Below are records; the lines starting at the one with "Карта расположения объекта - Monte Mayor" and ending at the one with "Kreuzung vor dem" must be reproduced exactly, both included. Pictures must not appear.
:: AVAILABLE DATA
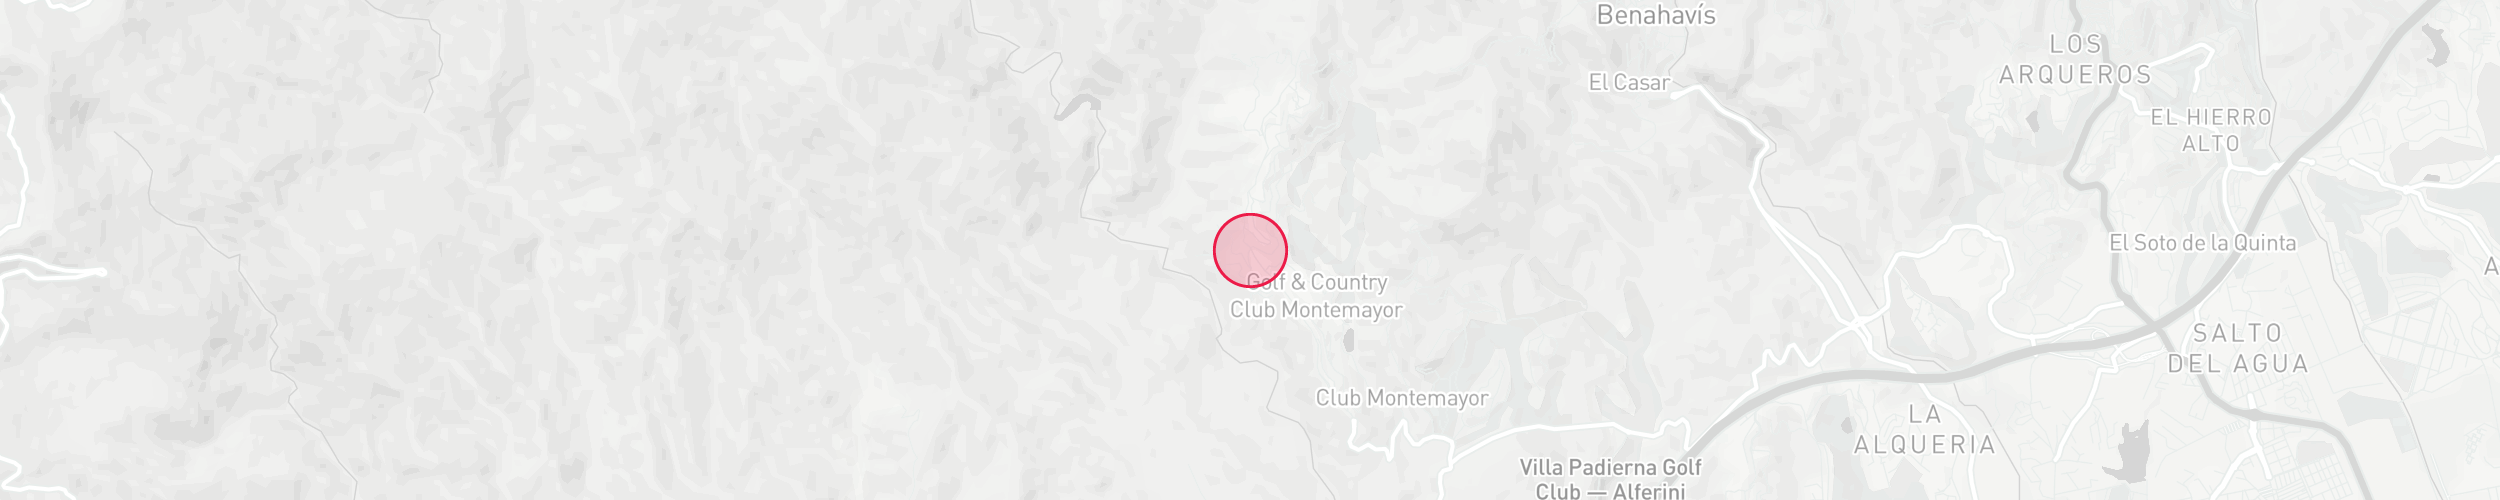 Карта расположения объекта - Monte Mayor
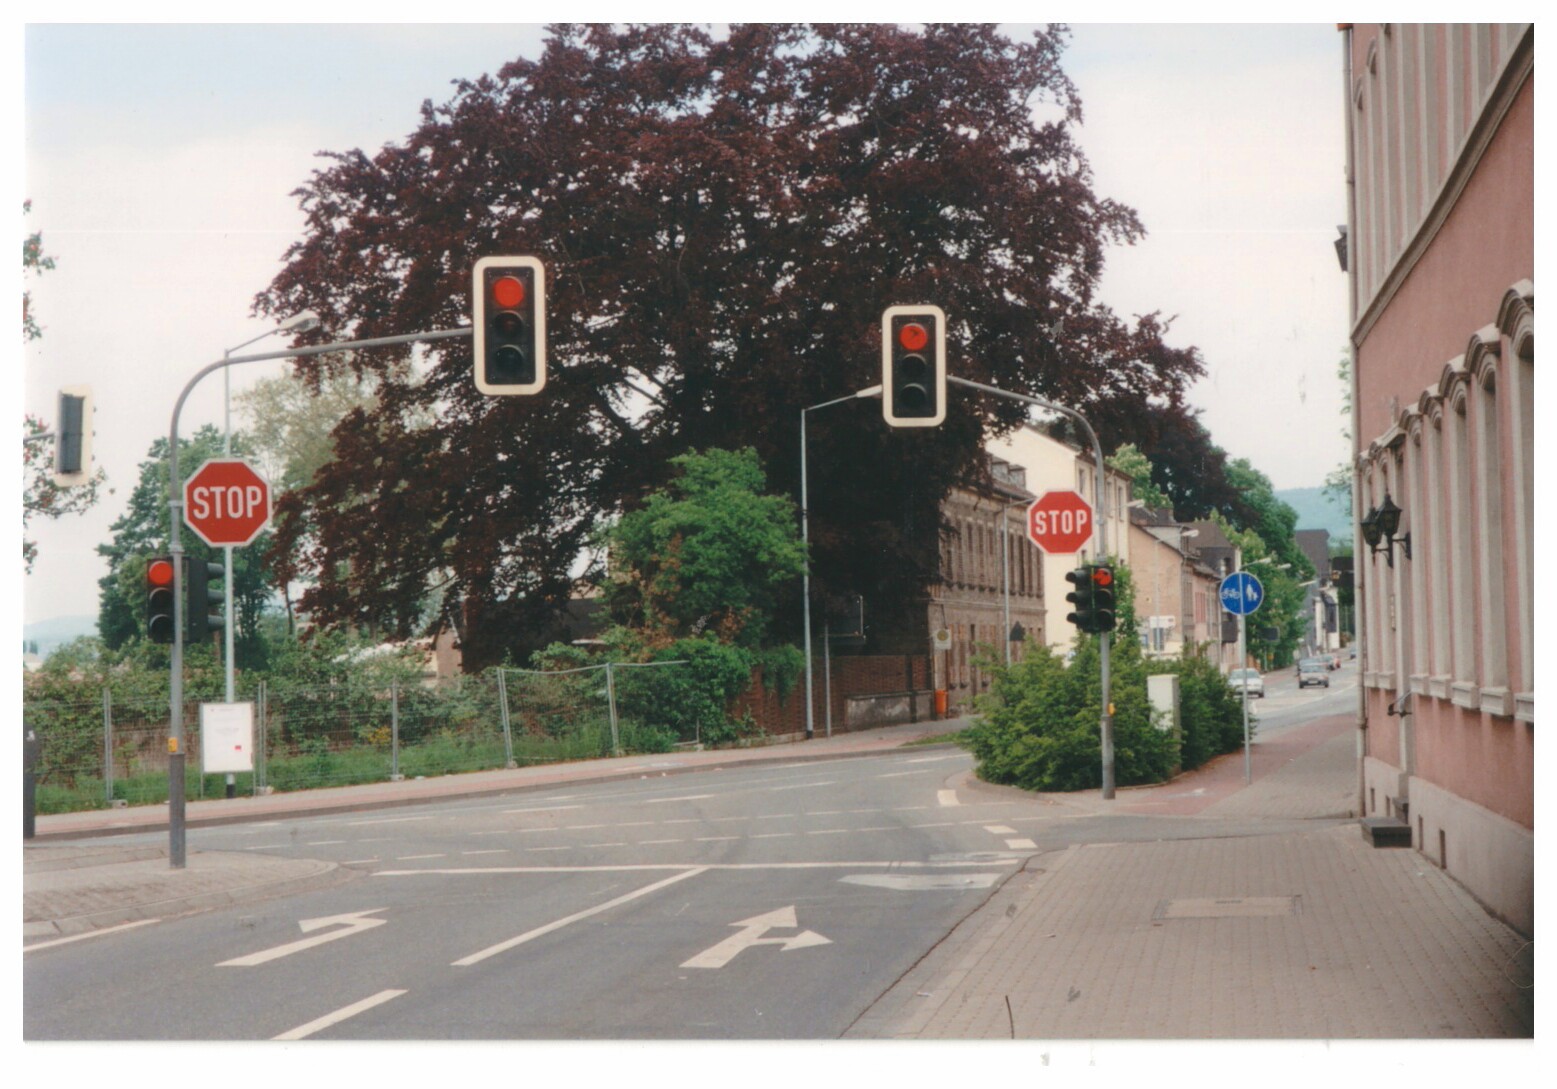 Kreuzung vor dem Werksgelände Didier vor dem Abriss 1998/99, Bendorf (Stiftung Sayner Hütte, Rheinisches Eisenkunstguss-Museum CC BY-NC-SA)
::::
:: AVAILABLE DATA
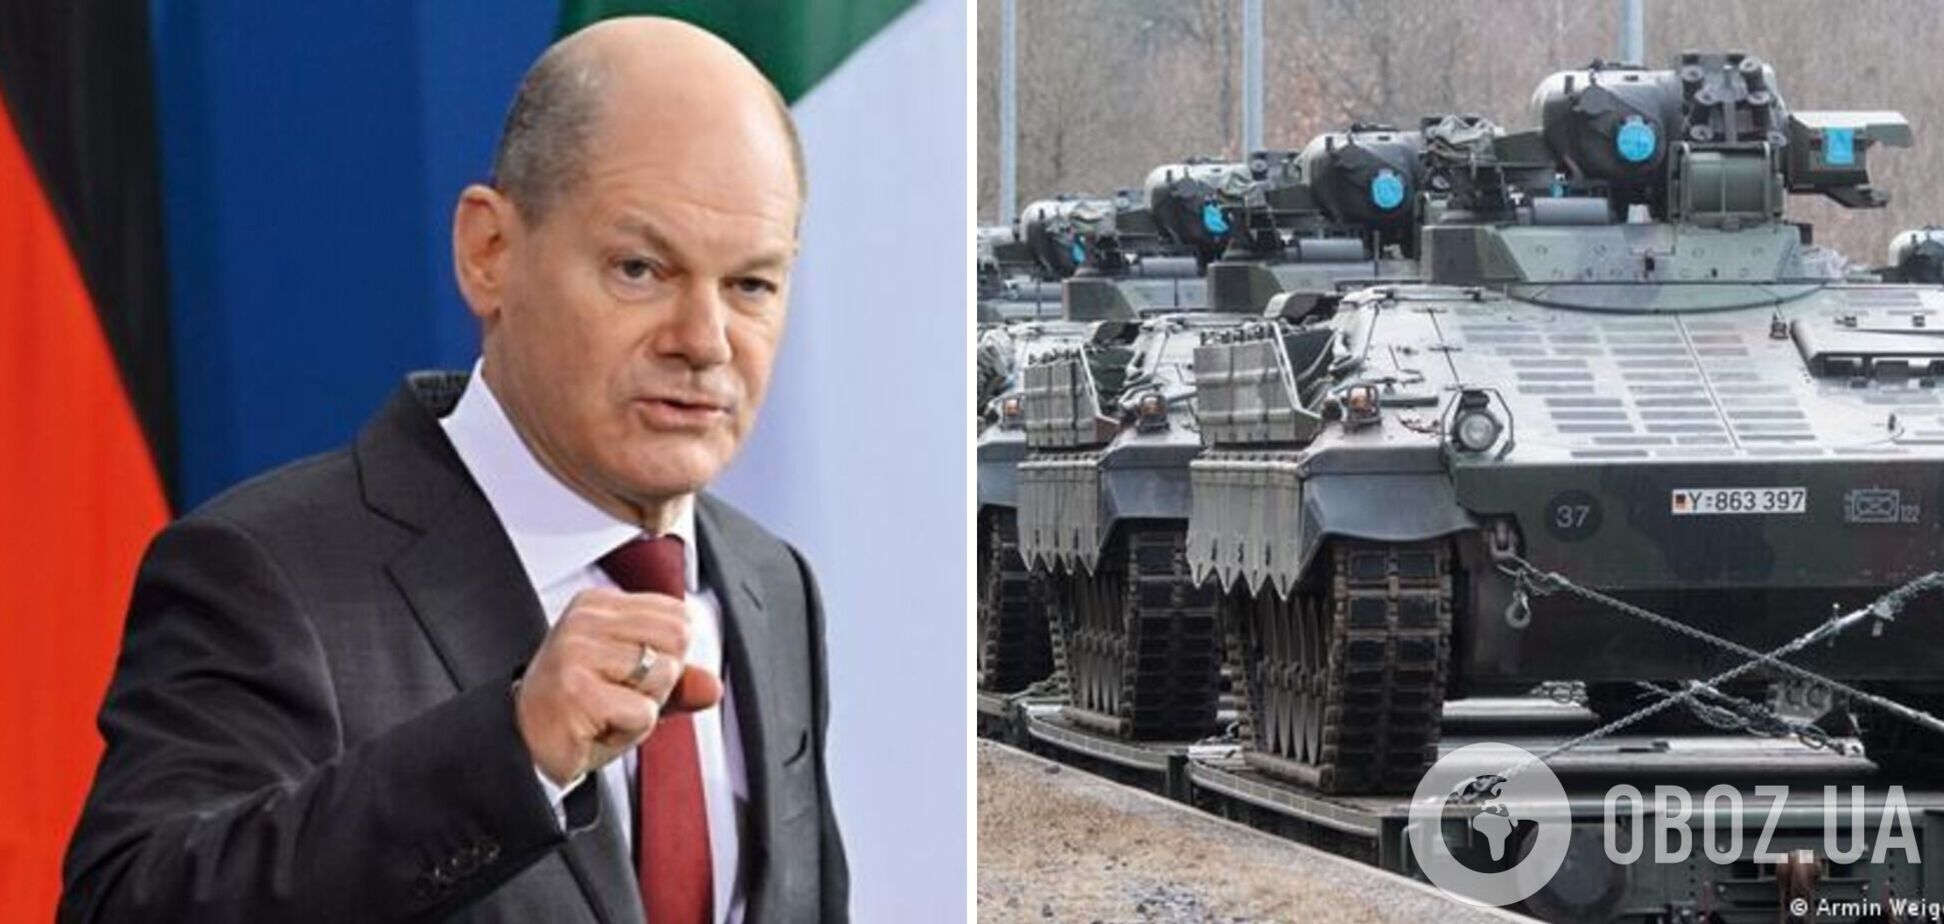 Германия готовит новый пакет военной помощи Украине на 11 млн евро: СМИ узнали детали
::::
:: AVAILABLE DATA
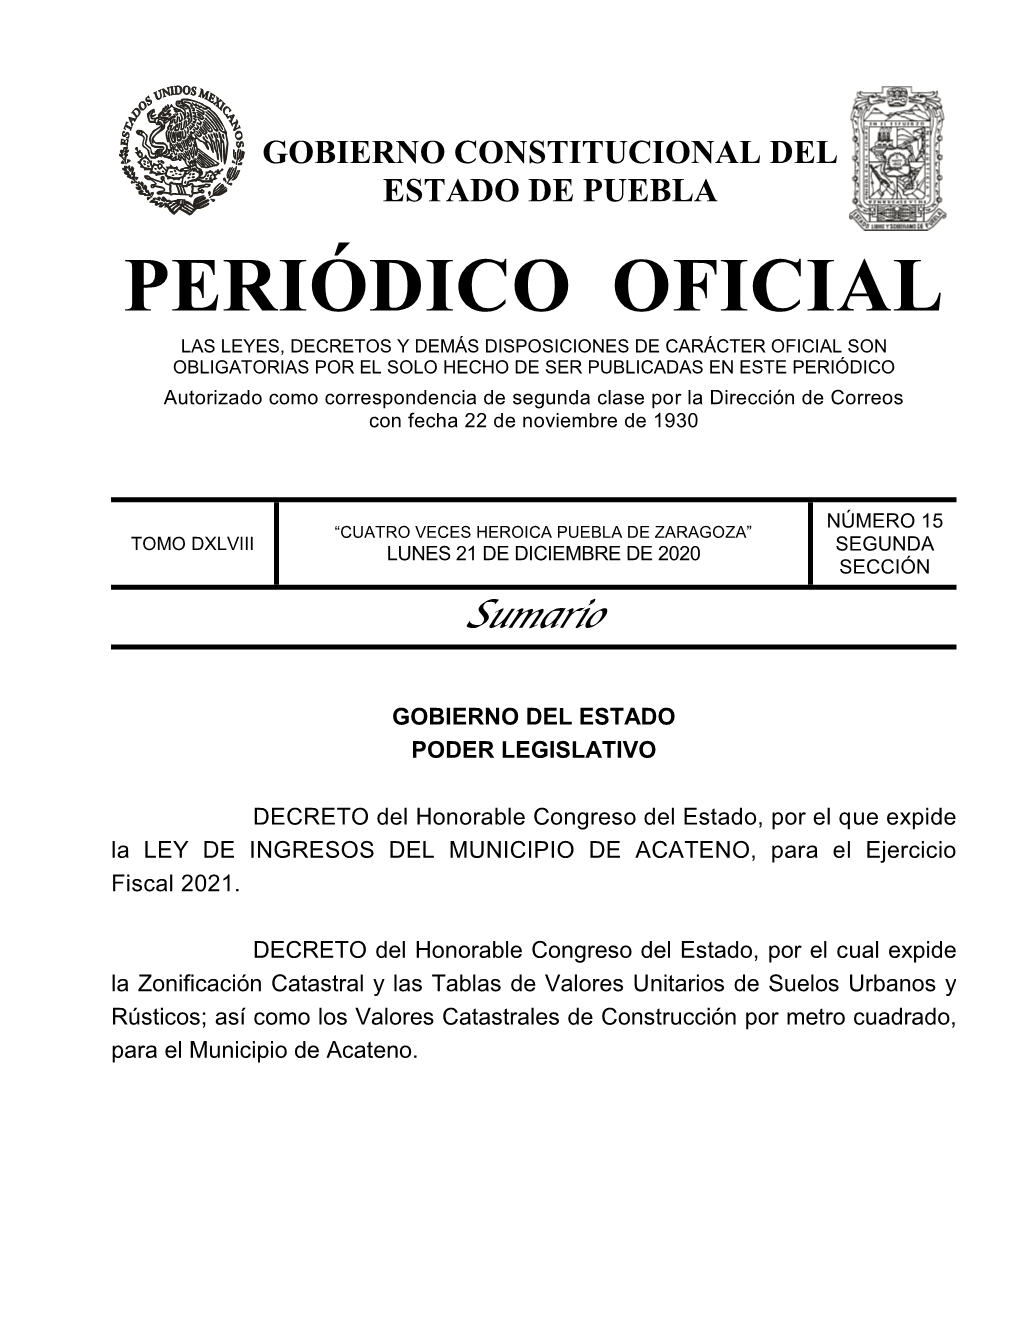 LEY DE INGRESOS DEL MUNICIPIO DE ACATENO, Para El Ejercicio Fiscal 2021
::::
SOLVED PROBLEM =
 Карта расположения объекта - Monte Mayor
 Kreuzung vor dem Werksgelände Didier vor dem Abriss 1998/99, Bendorf (Stiftung Sayner Hütte, Rheinisches Eisenkunstguss-Museum CC BY-NC-SA)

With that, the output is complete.